The classic editor as a temporary workaround#
If you need to publish content immediately and cannot diagnose the REST API issue right now, the Classic Editor plugin bypasses the REST API entirely. Install and activate it, and WordPress saves posts via traditional form submission. This is a workaround, not a fix – the underlying REST API issue should still be resolved because other features depend on it (the block editor, the new widgets editor, the site editor, and third-party plugins that use the REST API).
wp plugin install classic-editor --activate
Summary#
“Updating failed” and “Publishing failed” mean the block editor’s REST API save request did not complete successfully. The cause is almost always one of: a security plugin blocking the REST API, a WAF flagging the request body, PHP errors contaminating the JSON response, a permalink configuration issue preventing REST API URL routing, or a caching plugin serving stale nonces.

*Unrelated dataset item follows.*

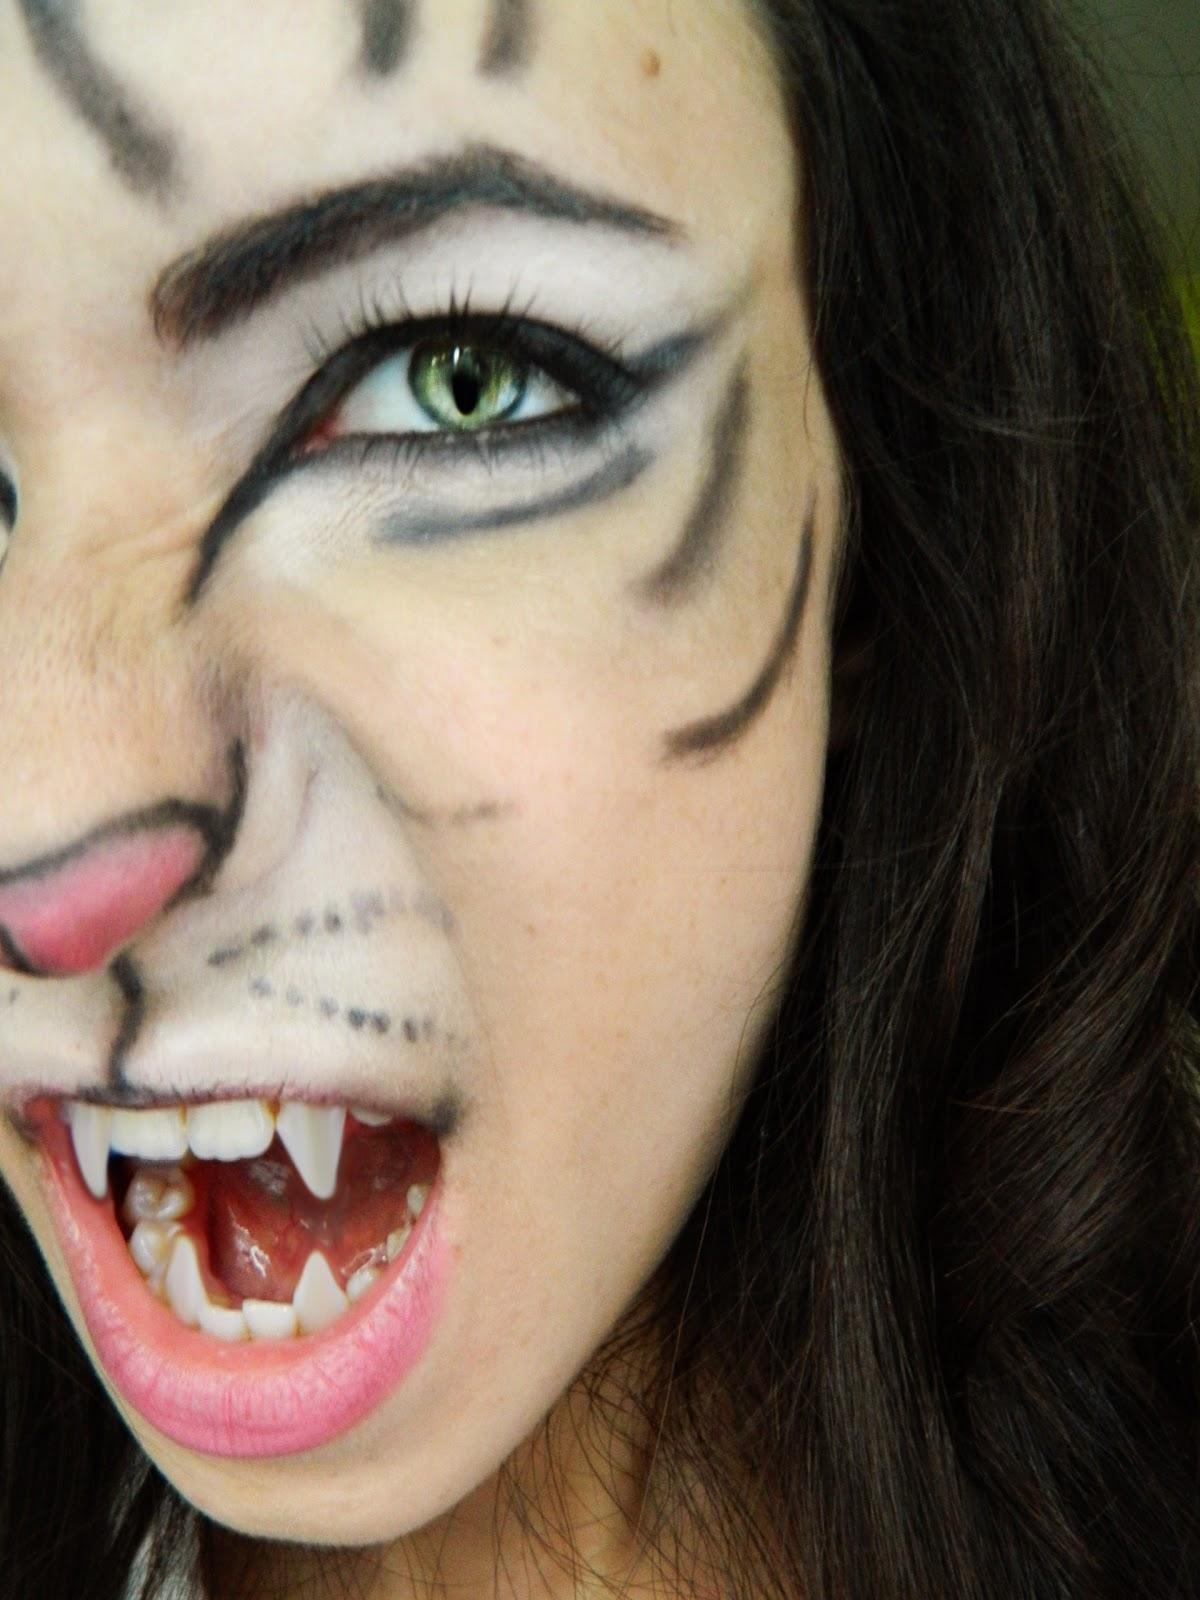 Makeup Turorials: Makeup And Art Freak: Tiger Makeup Tutorial For Halloween

Diagnose by opening browser developer tools, checking the Network tab for the REST API request, and reading the status code and response body. The response tells you exactly what went wrong – whether it is a 403 from a security plugin, a PHP warning before the JSON, or a timeout. For a complete reference of WordPress errors and their quick fixes, see How to fix the most common WordPress errors.